Note that I solved the error by using a pointer instead.

    const fs::path & operator()() const {
            for ( const auto * path : {
                    &path_3.path(),
                    &path_2.path(),
                    &root_path_
            }) {
                    if ( not path->empty() ) {
                            return *path;
                    }
            }
            throw std::logic_error{"using default-constructed B"};
    }

But, that does leave some questions in my mind:

  1. why does g++ not complain about the problem until -O2 is added?
  2. exactly what about my code is undefined? I would say it's well-defined: B::operator() const is... well... const. That should mean that the objects used inside it are either locals or const members. It accesses const members. It constructs a local variable const auto & which... should reference a const member field. Exactly what causes it to bind to temporary instead?

Solution

    1. A compiler is not obligated to issue a diagnostic for undefined behavior. If the compiler can detect code that's syntactically valid, but results in undefined behavior, and then complains about it, that's just icing on top of the cake. gcc's -O2 turns on additional optimizations, and does additional code analysis; as such gcc can sometimes detect undefined behavior only if optimizations are enabled.

    2. It appears that your range iteration is over a temporary std::initializer_list.
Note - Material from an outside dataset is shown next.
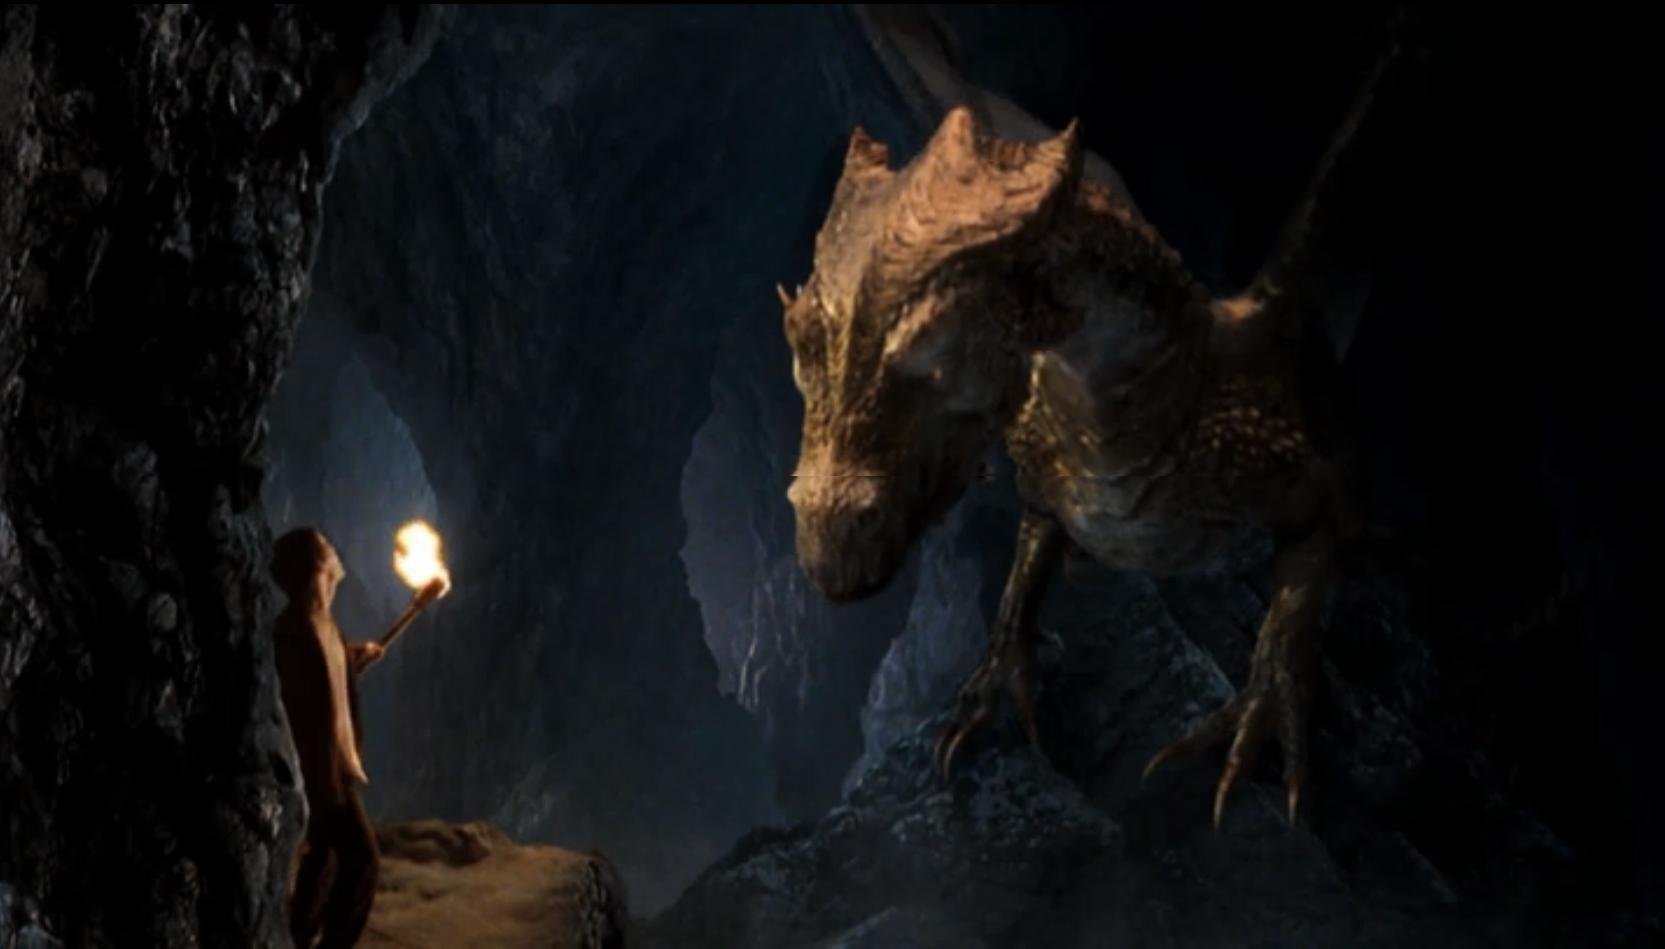 Merlin Dragon: Pilot Rewatch: Merlin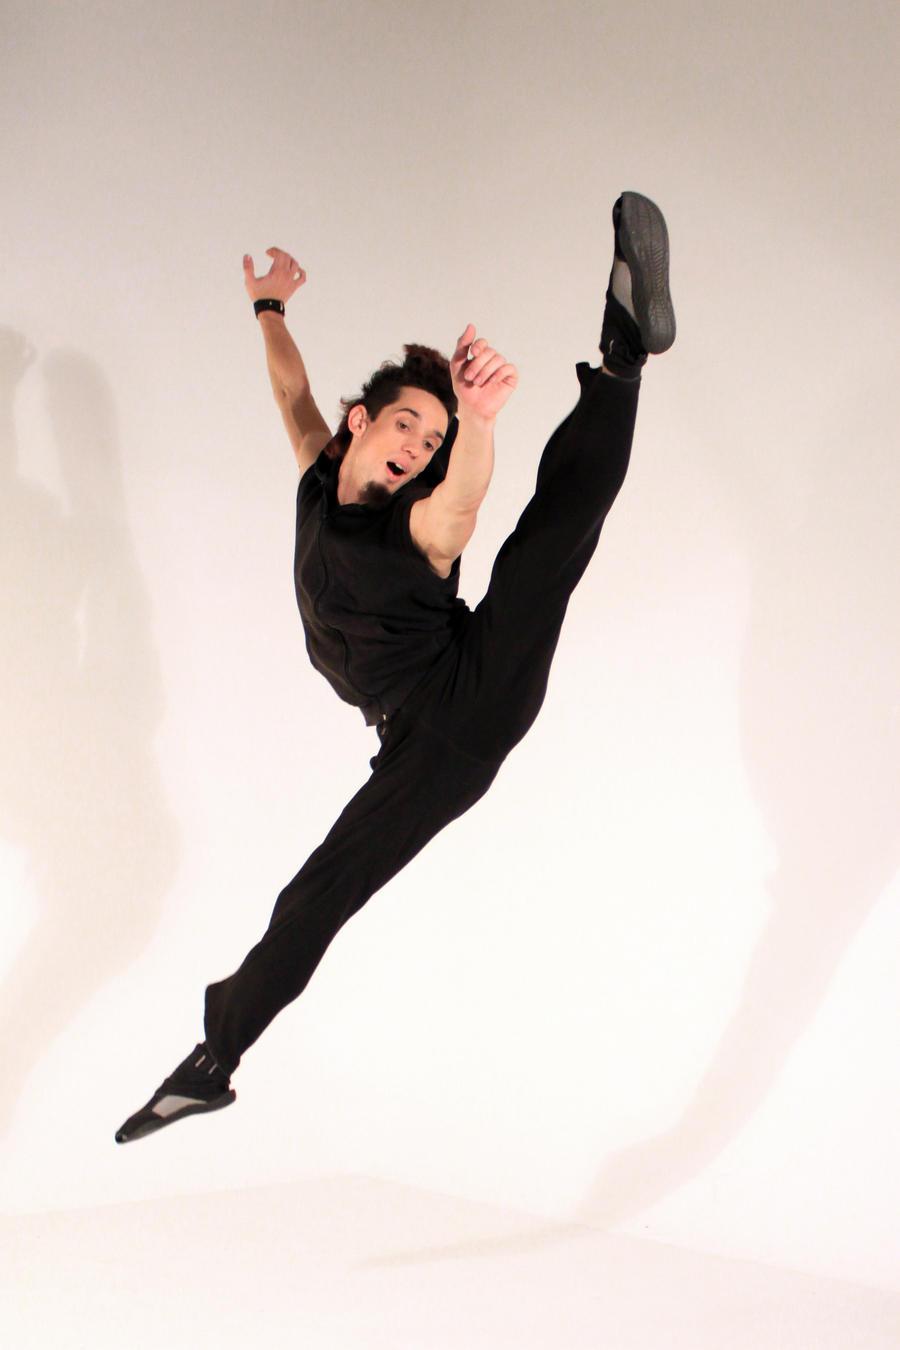 Dance11 14 by DaeStock

The range iteration variable is a reference into the initializer list. As such, the function ends up returning a reference to a temporary, which is what gcc is barking about, here. Since the temporary gets destroyed when the method returns, the method ends up returning a reference to a destroyed object. Any use of that reference comprises undefined behavior.

    When you convert the temporary range to a list of pointers, you are iterating by value, and you are not returning a reference to a temporary, but rather derefencing the value in the range, which is a perfectly kosher pointer.

    Pay attention to the following blurb from here:

    The underlying array is not guaranteed to exist after the lifetime of the original initializer list object has ended. The storage for std::initializer_list is unspecified (i.e. it could be automatic, temporary, or static read-only memory, depending on the situation).

    The lifetime if the initializer list bound to the range iteration ends at the conclusion of the iteration. Which includes returning from the method. As such, the initializer list no longer exists, and you just returned a dangling reference.